== Data block ==
□ □ □ □

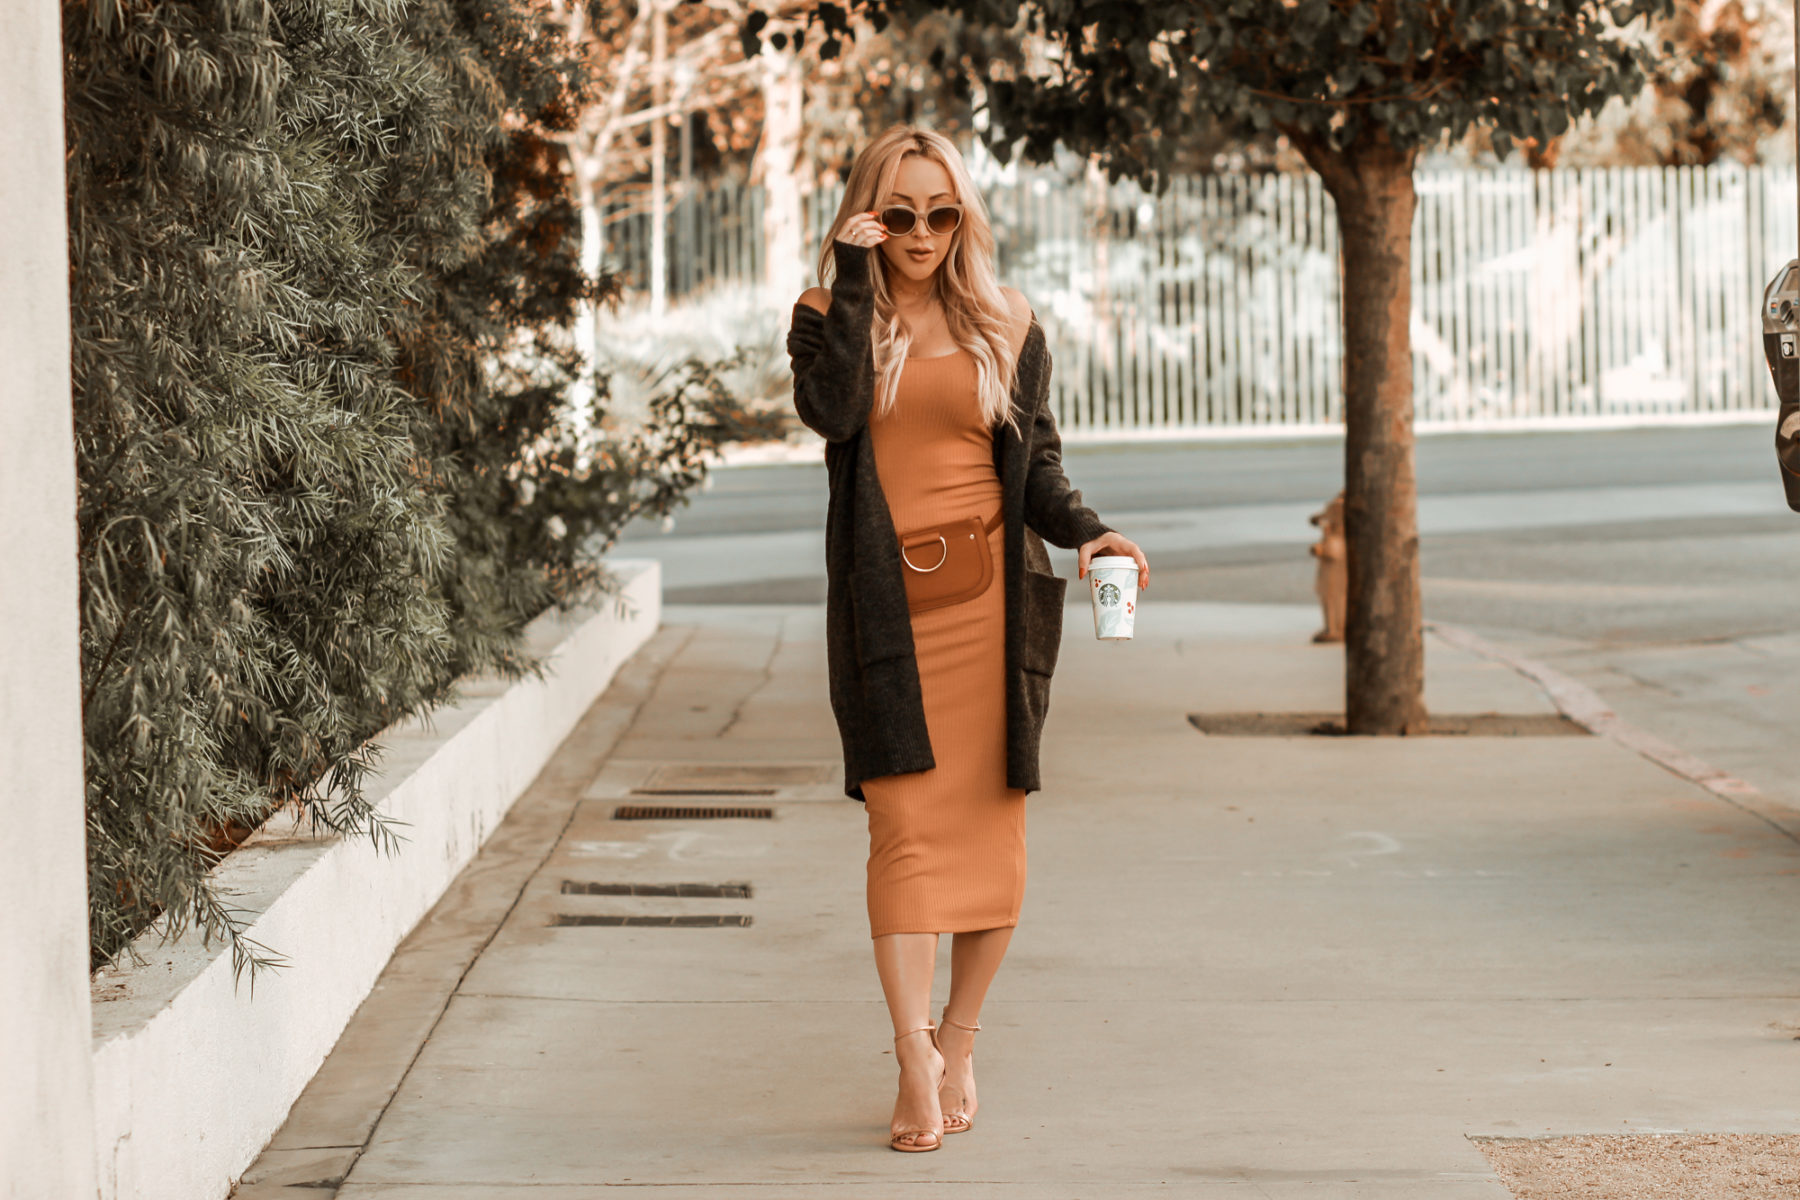 Thanksgiving Outfit Inspo | Fall Fashion | Forever 21 | Pumpkin Orange | Blondie in the City by Hayley Larue
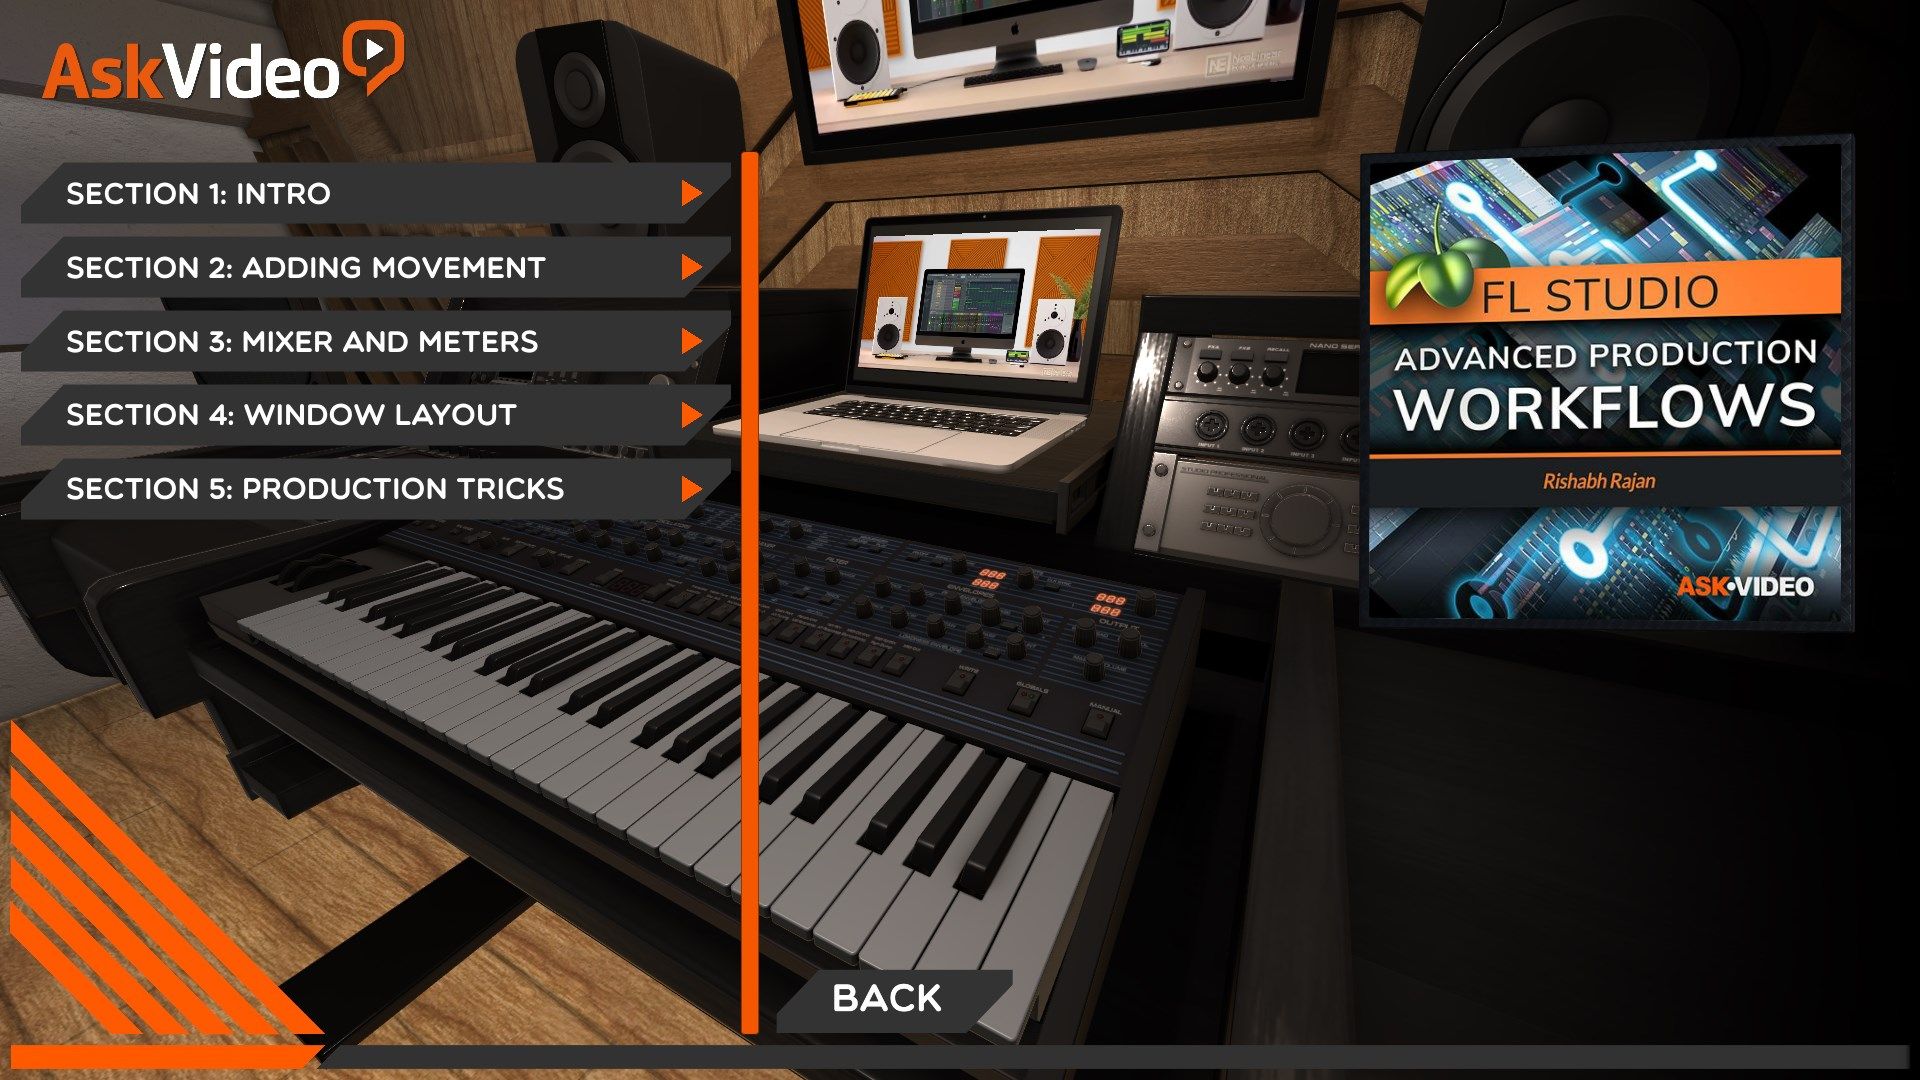 Advanced Production Workflows Course For FL Studio
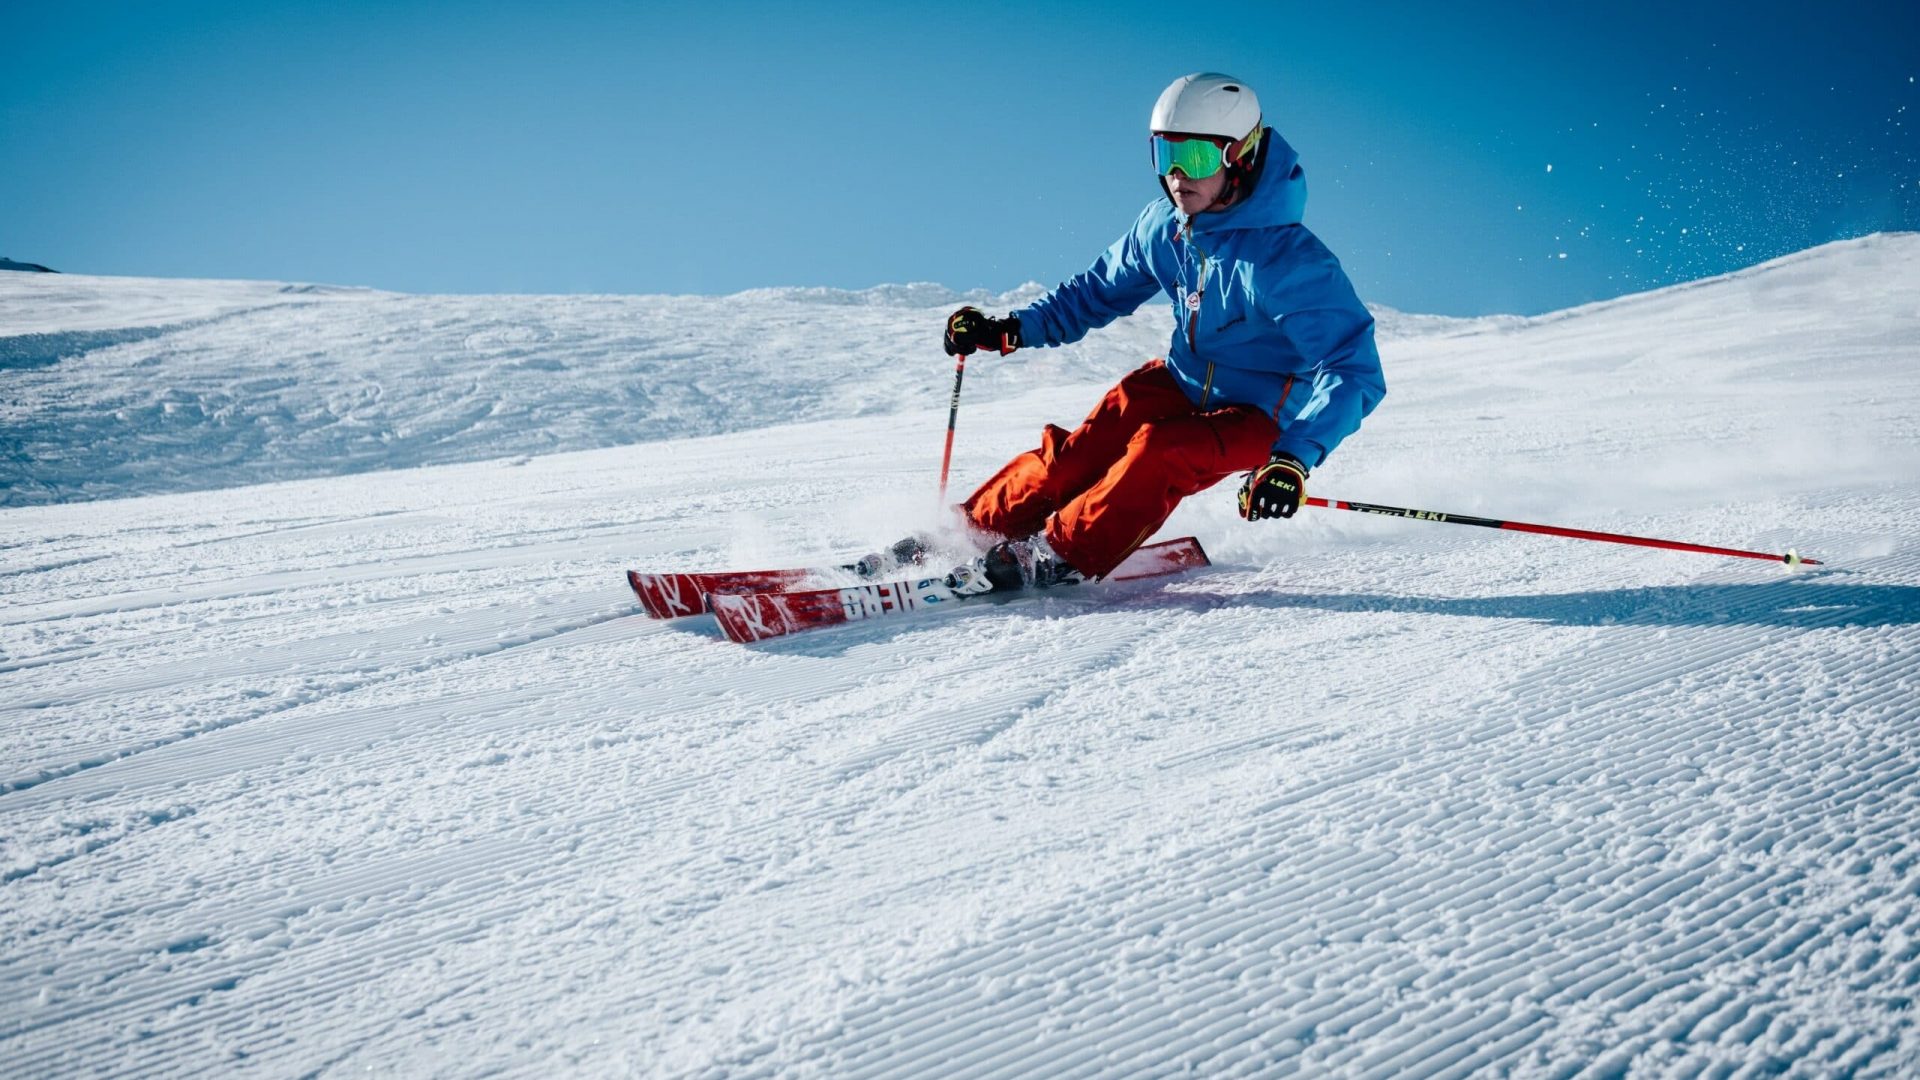 Person skiing downhill amidst blue skies

□ □ □ □

== Exercise directions ==
Before you return the listing, strip out its pictures; all else must match exactly.

== Task answer ==
 Thanksgiving Outfit Inspo | Fall Fashion | Forever 21 | Pumpkin Orange | Blondie in the City by Hayley Larue
 Advanced Production Workflows Course For FL Studio
 Person skiing downhill amidst blue skies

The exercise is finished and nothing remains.